== WORK ORDER ==
An exact, complete printout of the listing is wanted, minus its images.
** THE DATA follows **
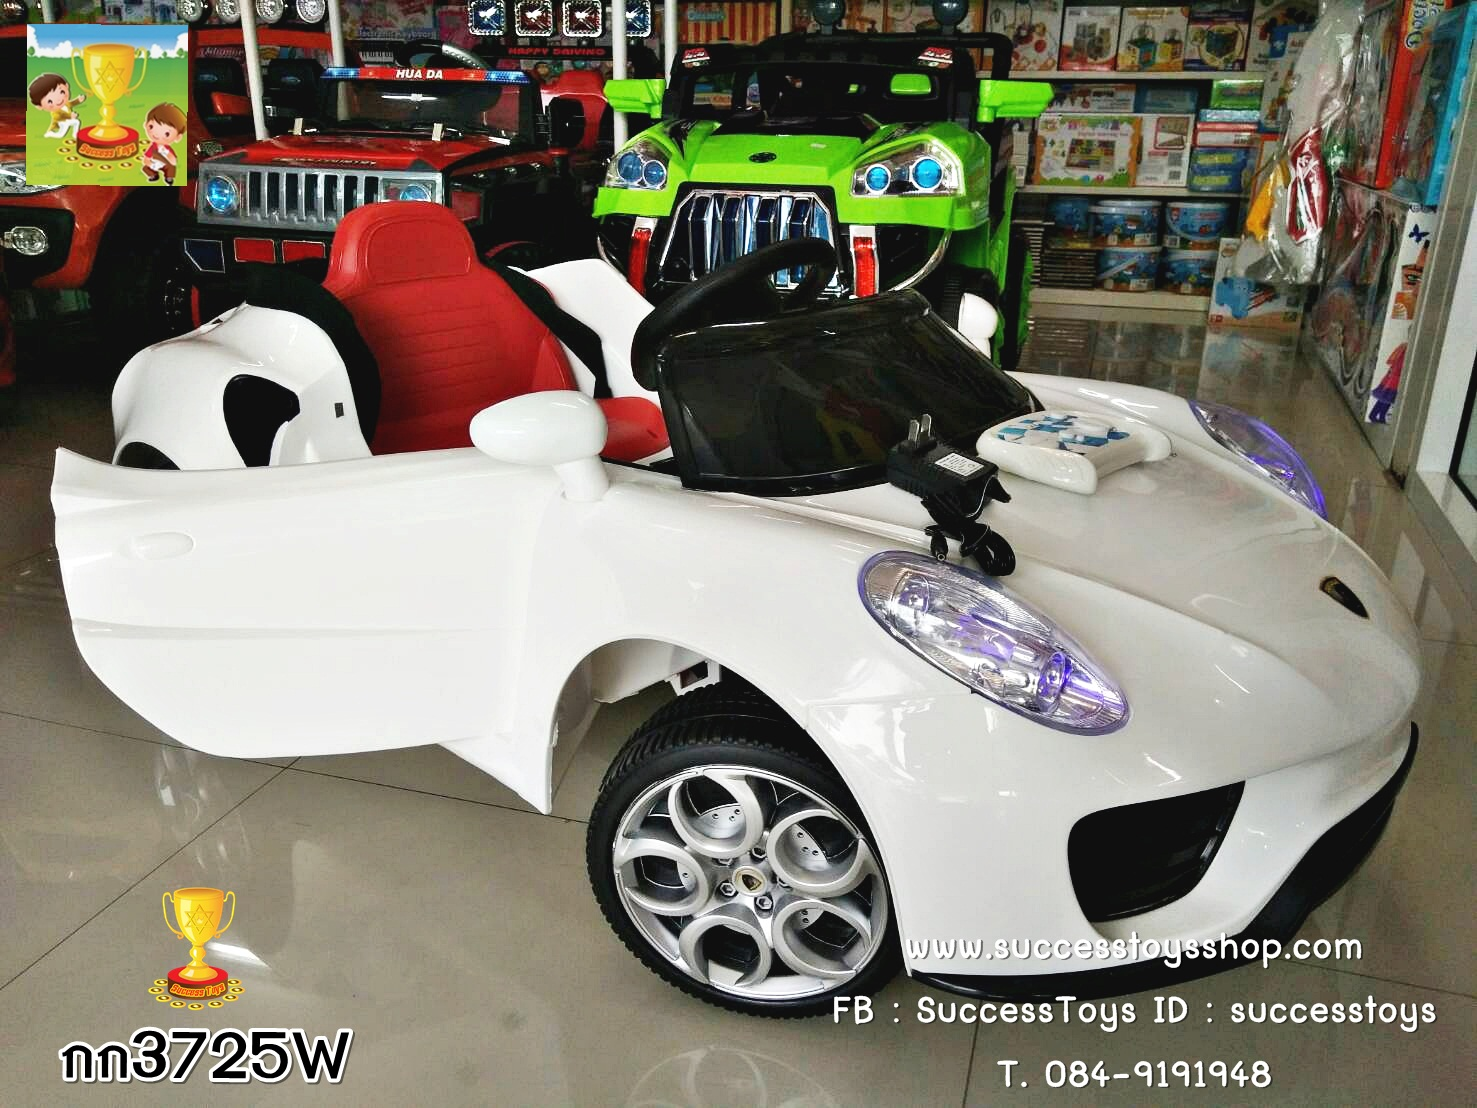 กก3725 รถแบตเตอรี่เด็กนั่งไฟฟ้า รถปอร์ต 2 มอเตอร์ มี3สี แดง เหลือง ขาว 2 มอเตอร์
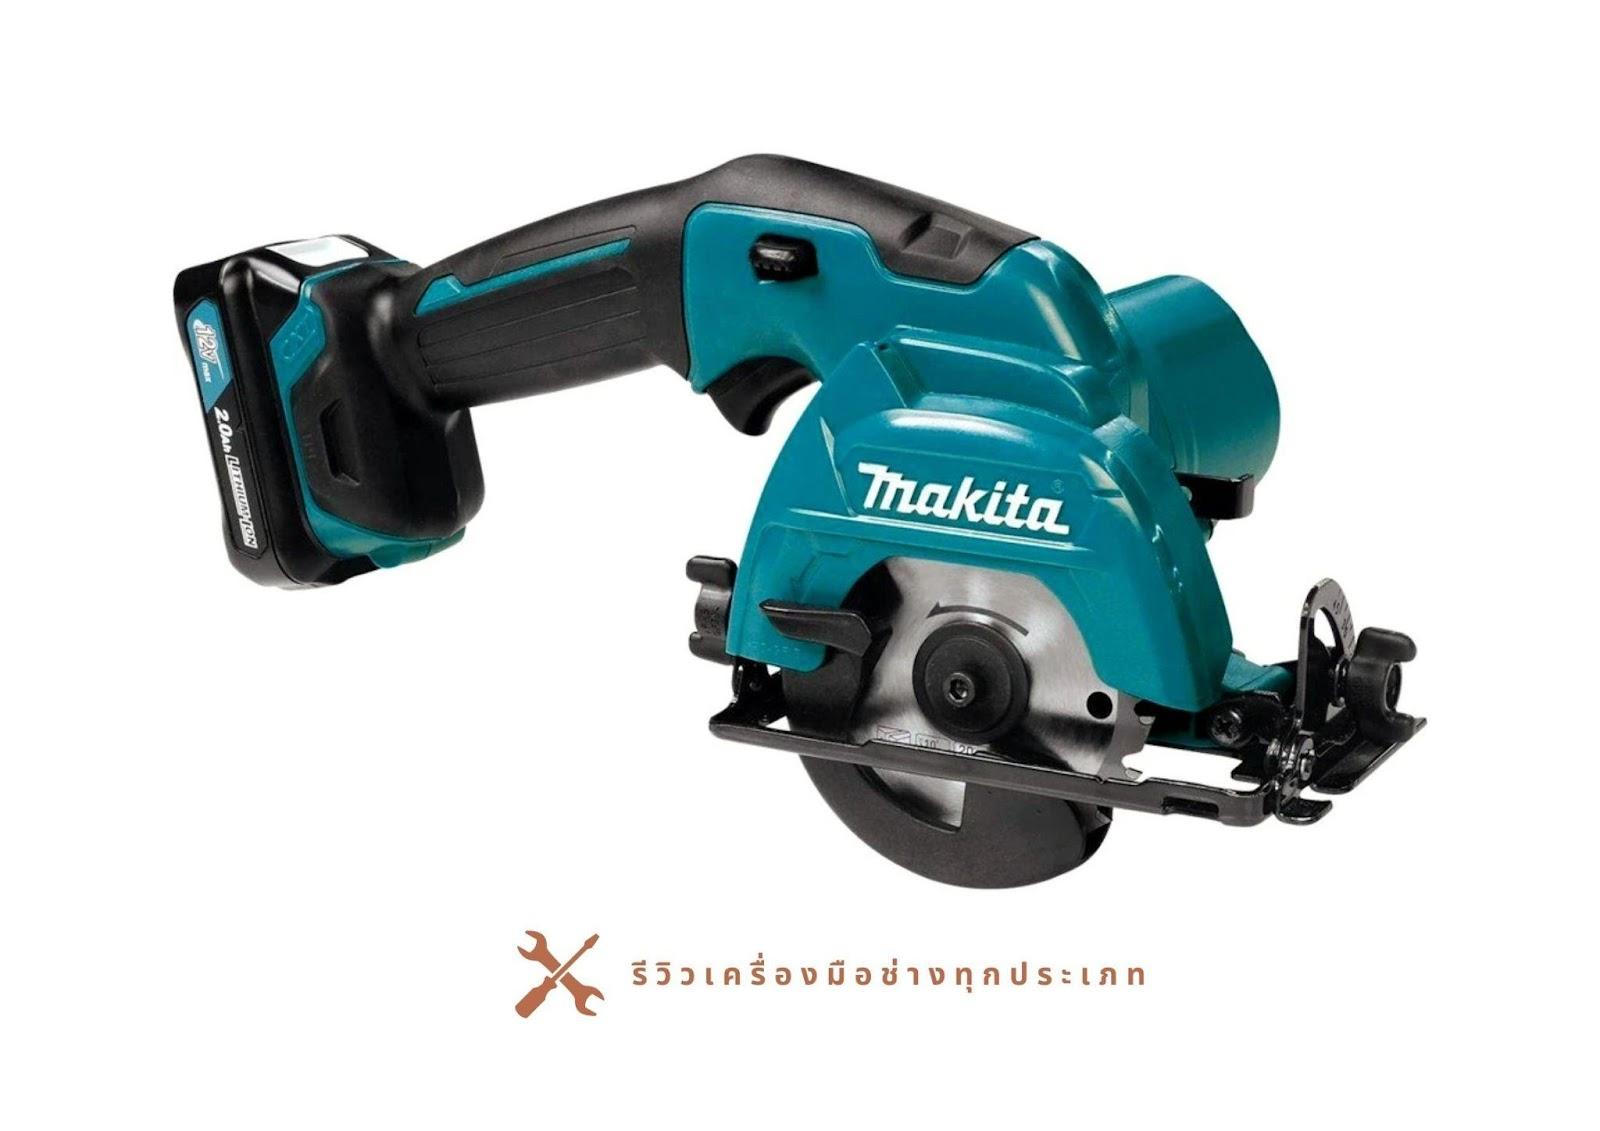 7. Makita SH02R1 12-Volt Max CXT Cordless Circular Saw Kit
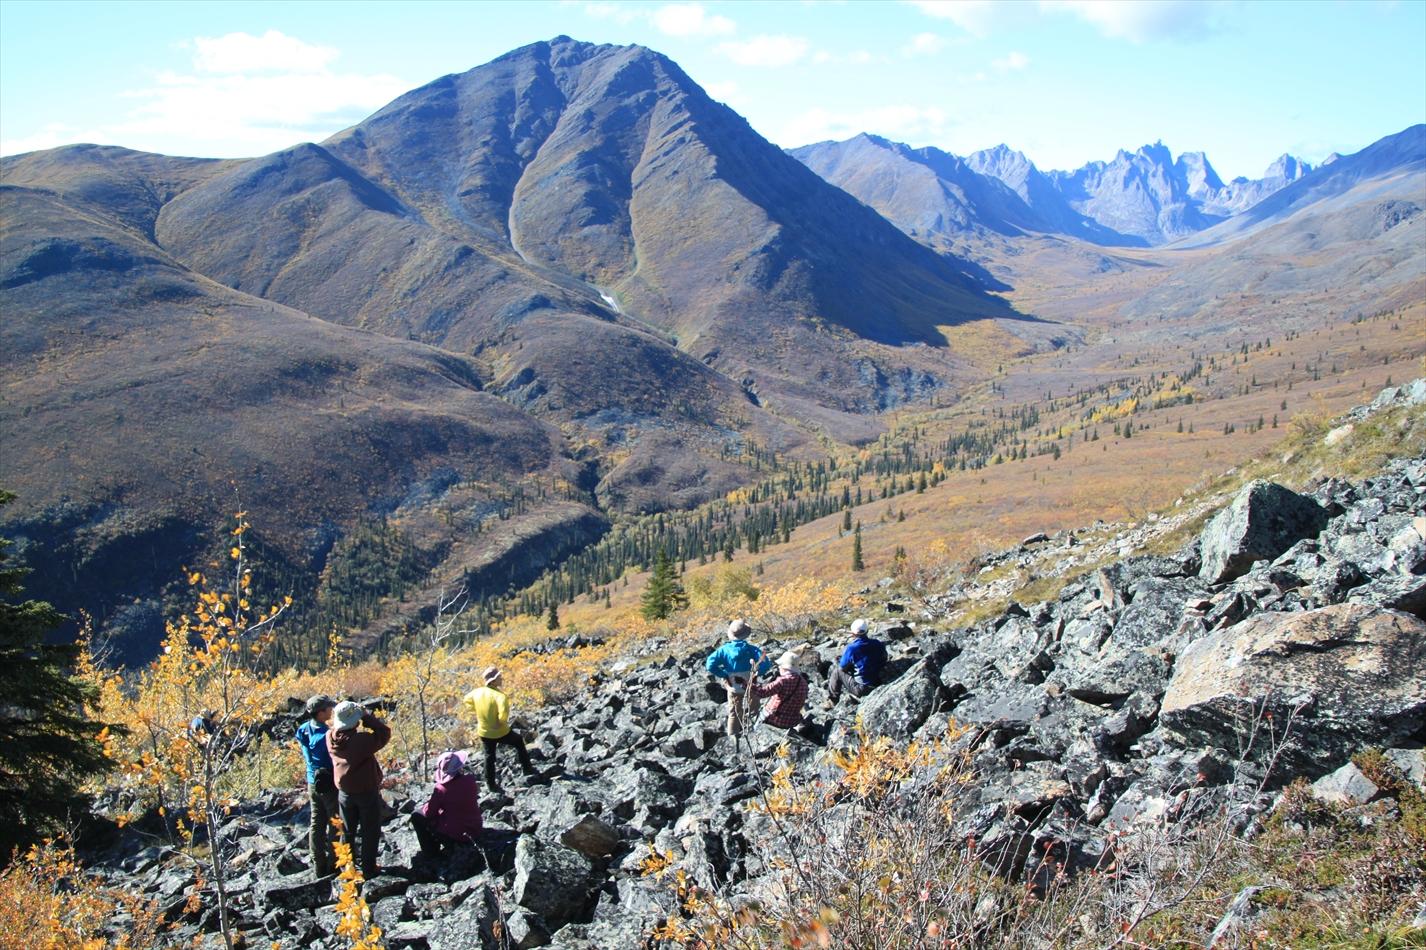 9月1日出発「悠久なる大地へ 秋のユーコン縦断ハイキング9日間」
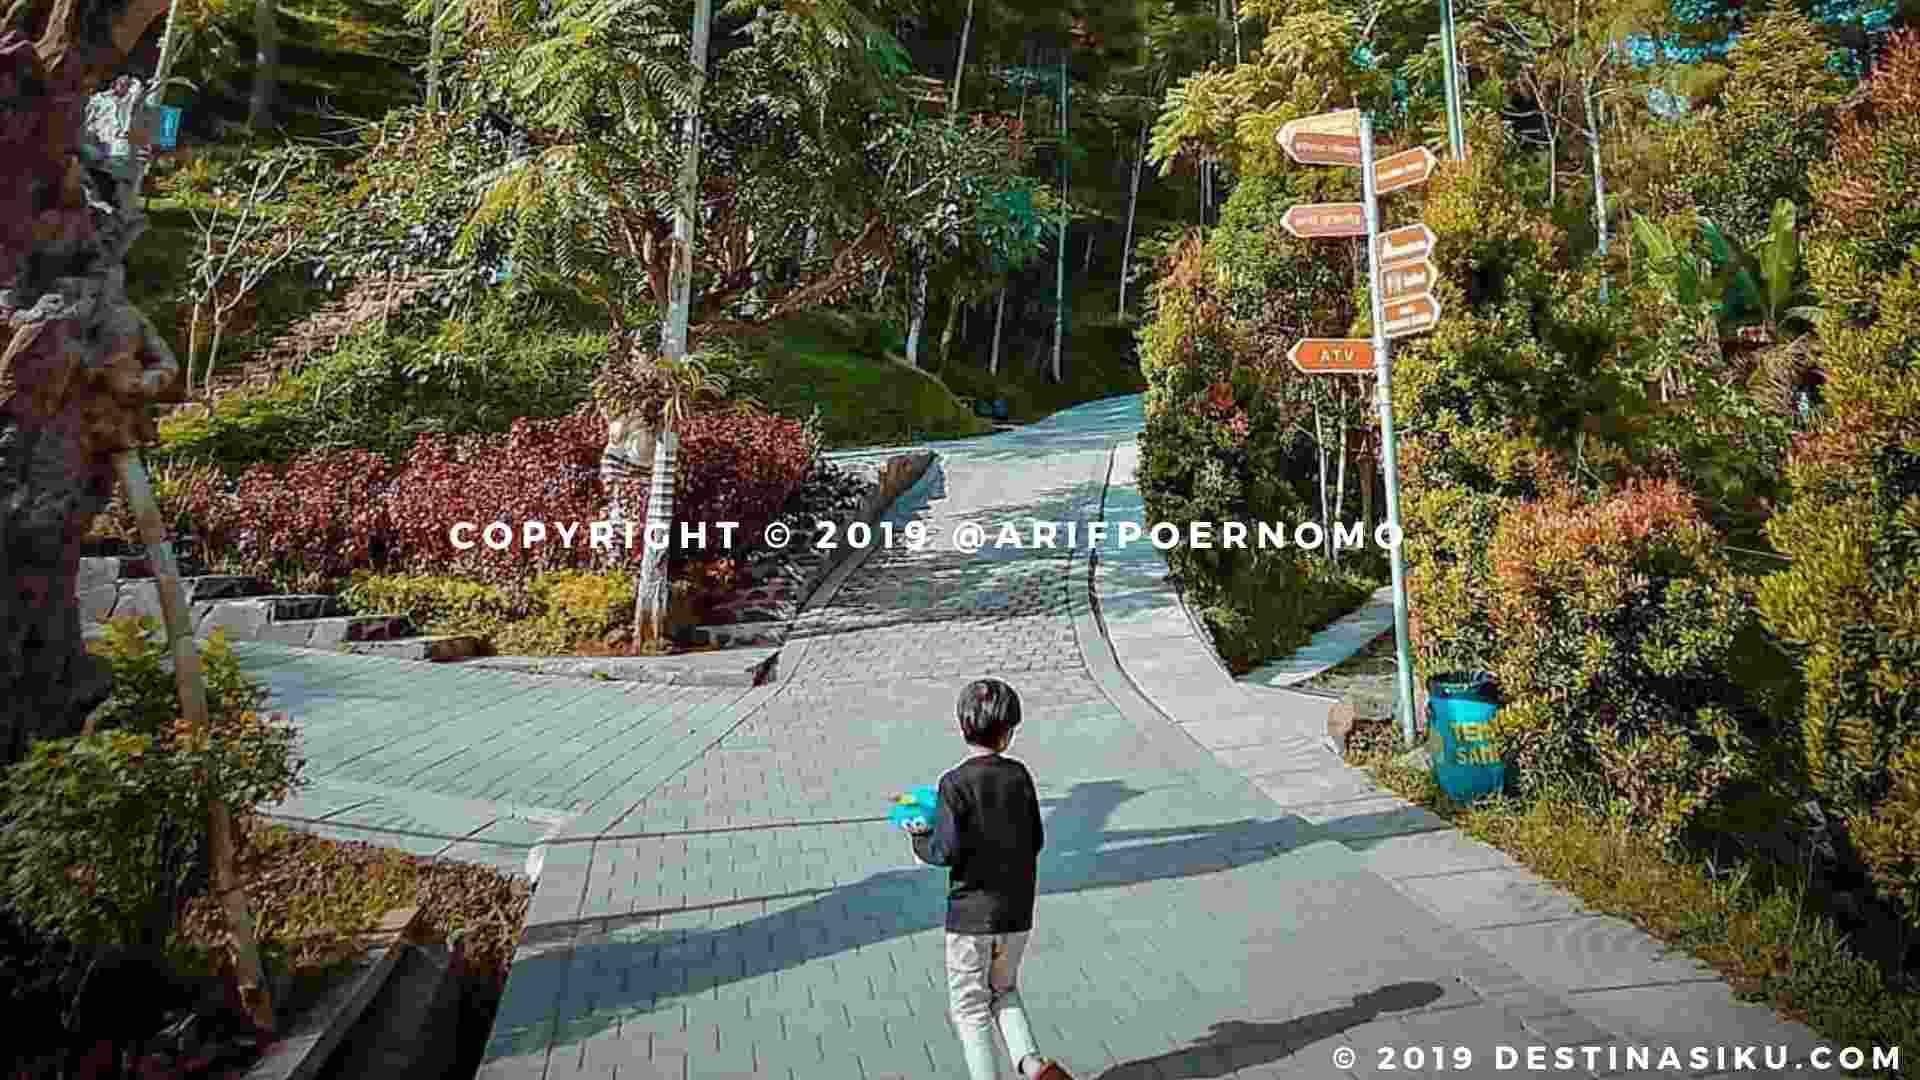 dago dream park boleh bawa makanan
** End of THE DATA **
== SOLUTION TO THE EXERCISE ==
 กก3725 รถแบตเตอรี่เด็กนั่งไฟฟ้า รถปอร์ต 2 มอเตอร์ มี3สี แดง เหลือง ขาว 2 มอเตอร์
 7. Makita SH02R1 12-Volt Max CXT Cordless Circular Saw Kit
 9月1日出発「悠久なる大地へ 秋のユーコン縦断ハイキング9日間」
 dago dream park boleh bawa makanan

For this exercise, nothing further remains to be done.